Extract the full listing verbatim and drop any pictures from your copy.

> **COLLECTED DATA**
_ _ _ _ _ _ _

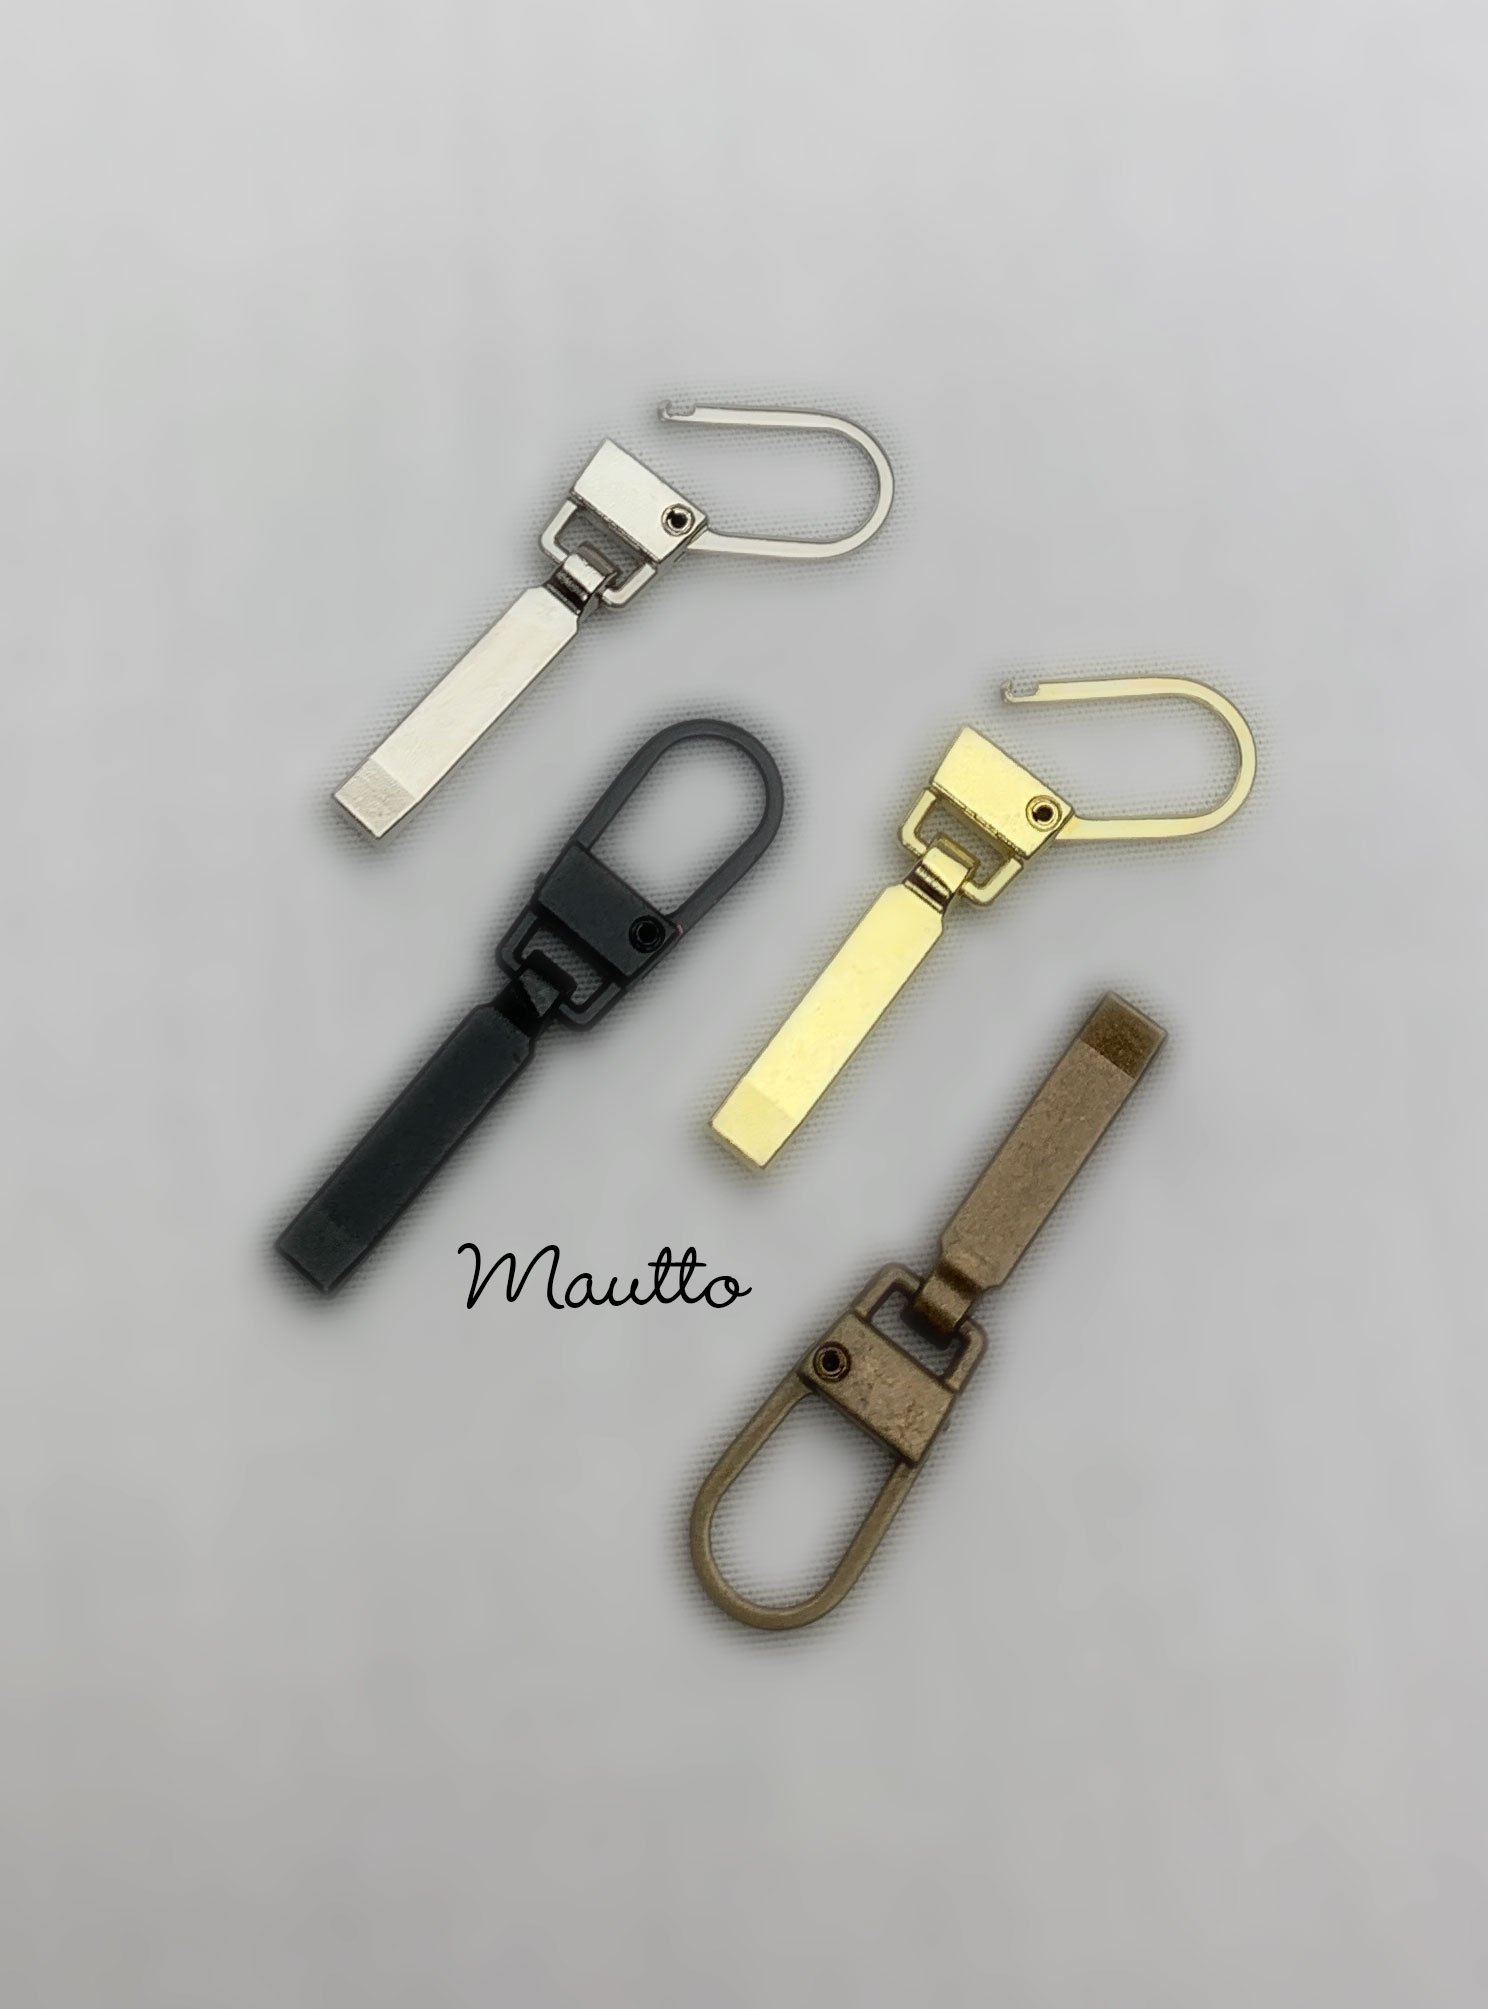 Attachable Replacement Zipper Pulls - Gold, Nickel, Antique Brass, and Black finishes ...
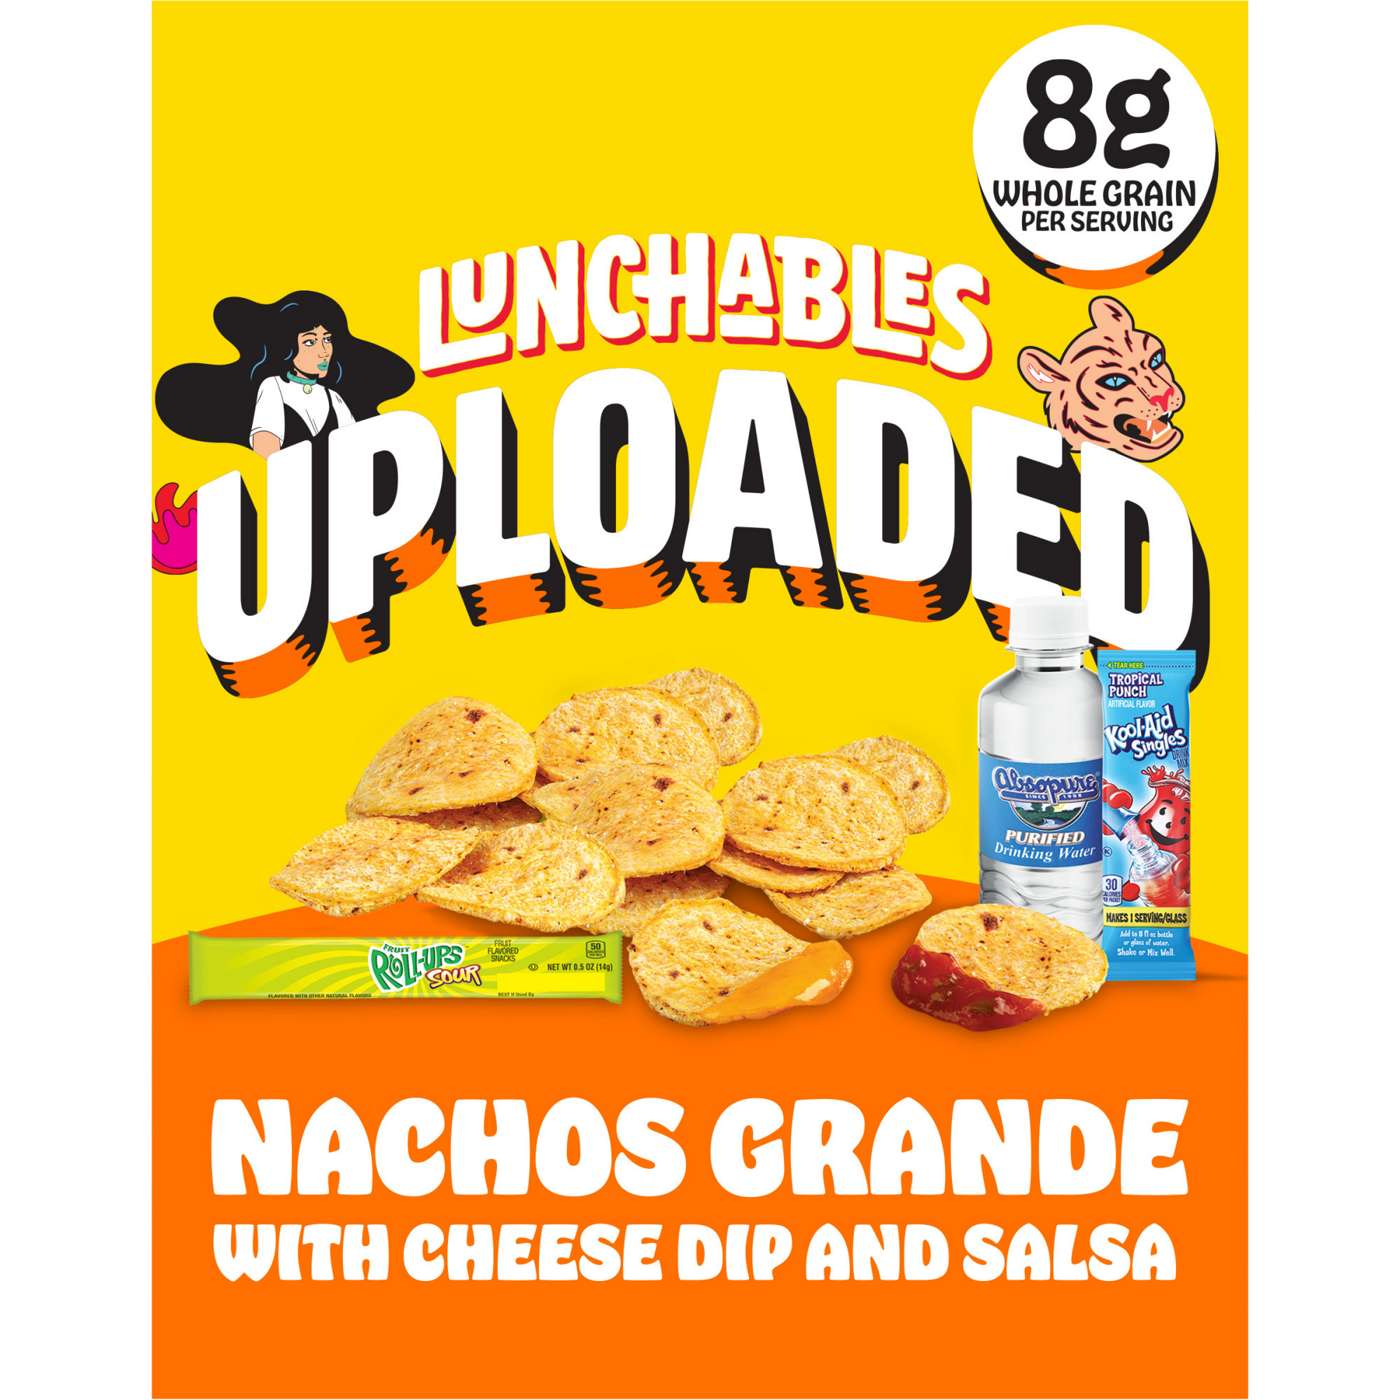 Lunchables Uploaded Meal Kit - Nachos Grande with Cheese Dip & Salsa; image 1 of 5
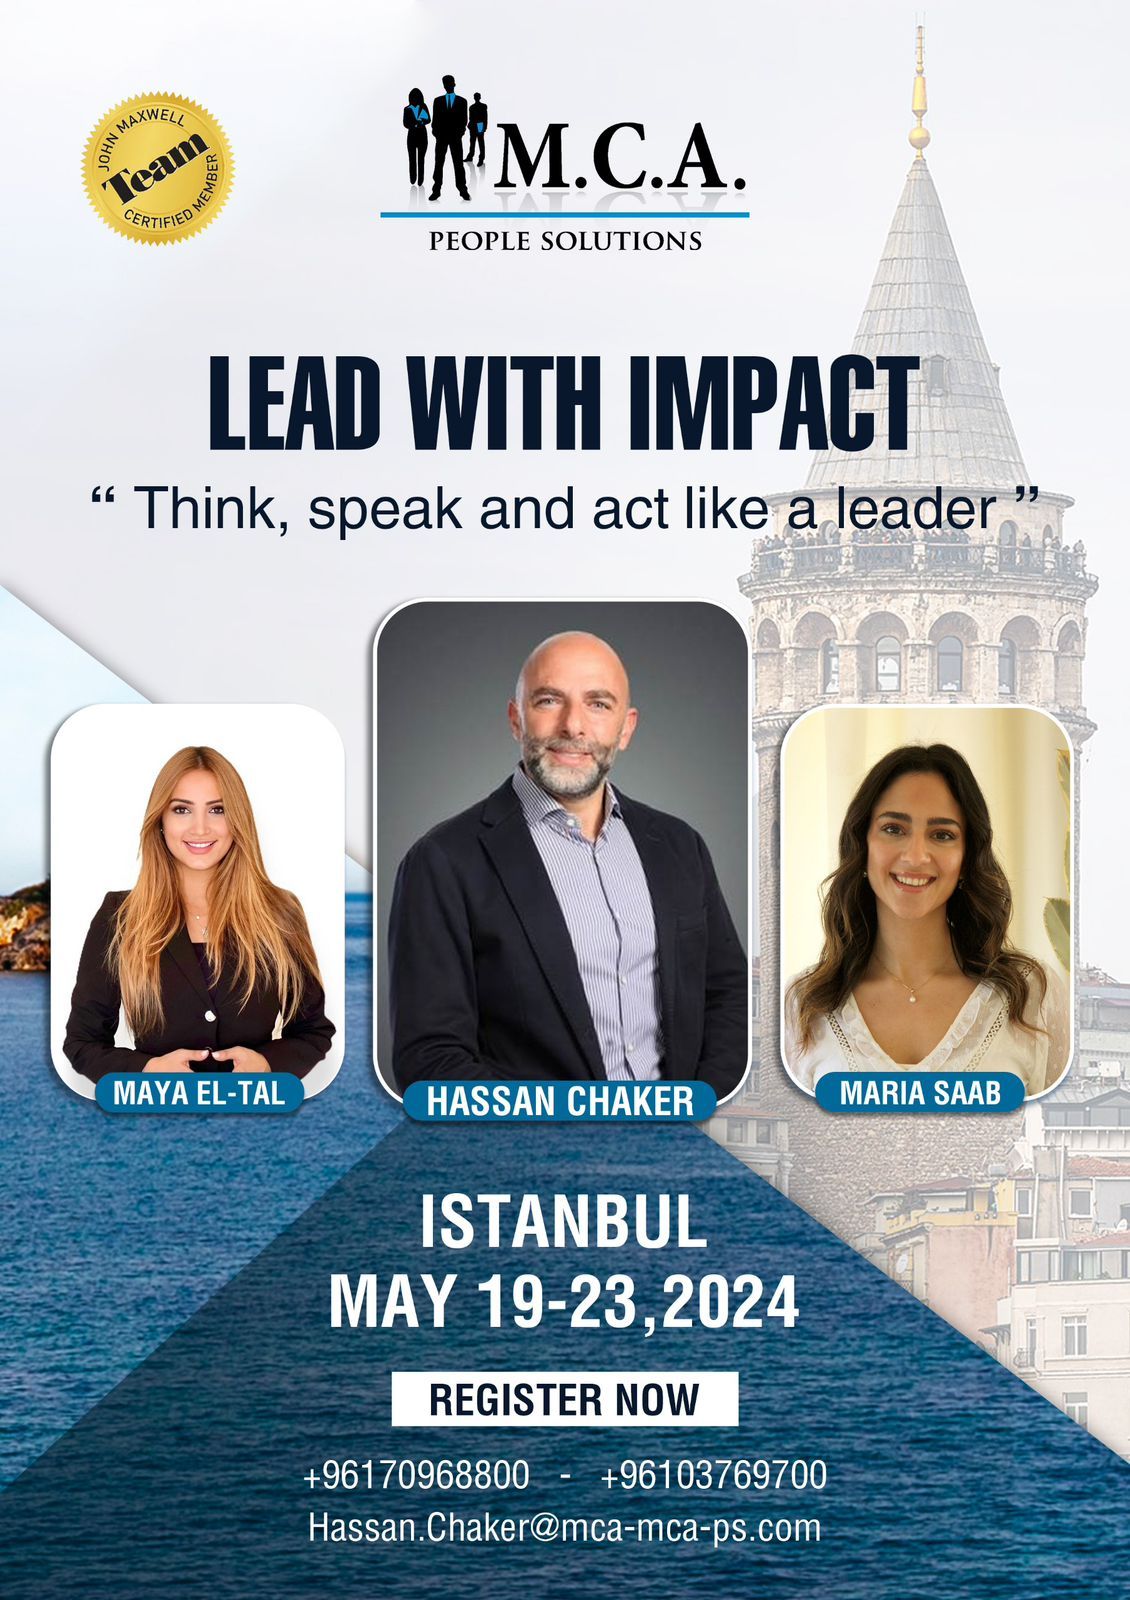 Lead with IMPACT

_ _ _ _ _ _ _

> **REPLY TO THE TASK**
 Attachable Replacement Zipper Pulls - Gold, Nickel, Antique Brass, and Black finishes ...
 Lunchables Uploaded Meal Kit - Nachos Grande with Cheese Dip & Salsa; image 1 of 5
 Lead with IMPACT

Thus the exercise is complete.